1台のハブが故障しても、もう1台が即座に通信を維持します。

スイッチングハブ「GigaCore」

2台のGigaCoreによる「機器の冗長化」を計画中

GigaCoreを2台にし、さらなる冗長化を計画中

現状の1台運用では、万が一ハブ本体にトラブルが起きた際に物理的なケーブル差し替え作業が発生する可能性が残っています。

前述のLumiNodeの設定により暗転という最悪の事態は回避できるよう設計されていますが、「より安全に、より確実に」運用できるシステムを追求し、インフラのさらなる強化を計画しています。

物理的な断線に強い「リングトポロジー」の採用

あわせて、LumiNodeの配線についても、複数の機器を輪のように繋ぐ「リングトポロジー」への移行を計画しています。

これにより、万が一ケーブルが1本断線したとしても、信号が逆回りのルートを通って各機材に届き続けます。

機器本体の故障だけでなく、現場で起こりうる物理的な事故に対しても、二重の防御線を張ることで「絶対に止めない」スタジオへと進化し続けています。

お客様の「笑顔」と「感動」を創造するために

私たちが徹底して「絶対に止めない」にこだわる理由。それは、GMOインターネットグループのフィロソフィーである*「お客様の『笑顔』『感動』を創造する」という誓いがあるからです。

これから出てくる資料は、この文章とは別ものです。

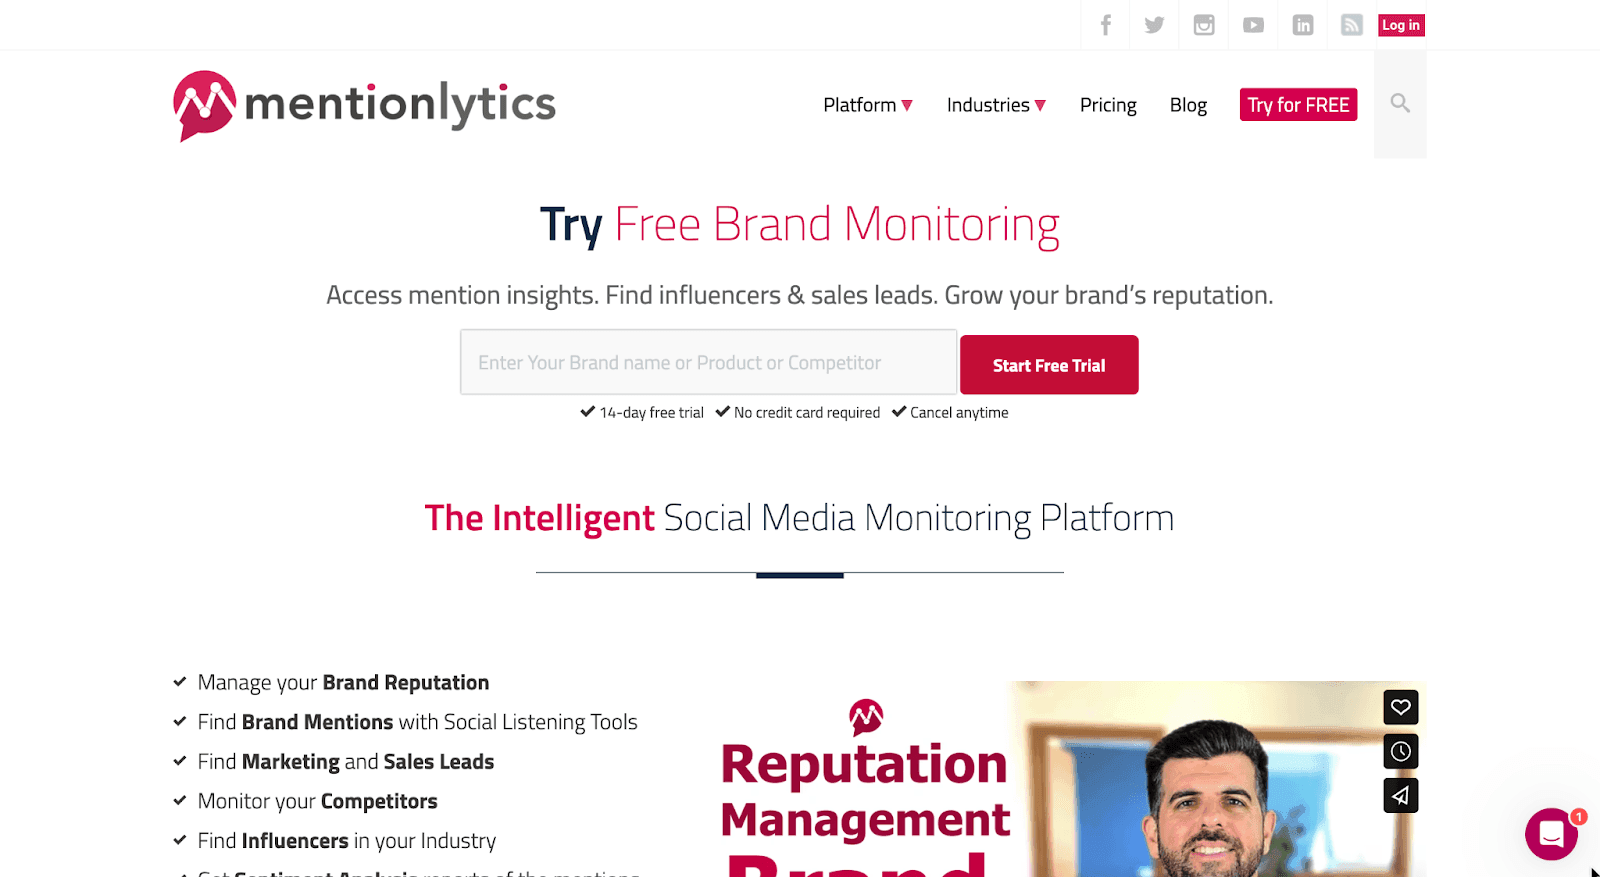 Try free brand monitoring - access mention insights. Find influencers & sales leads. Grow your brand's reputation

最先端の機材を揃え、目に見えないバックアップシステムを張り巡らせるのは、単なる技術的な追求ではありません。

みなさまが「もしトラブルが起きたらどうしよう」という不安から解放され、本番のパフォーマンスに100%集中できる環境を作ること。

そして、その先にいる視聴者の皆様に、最高の「感動」を届けること。

「絶対に止まらない」という確かな安心こそが、最高の笑顔を生むための基盤になると私は信じています。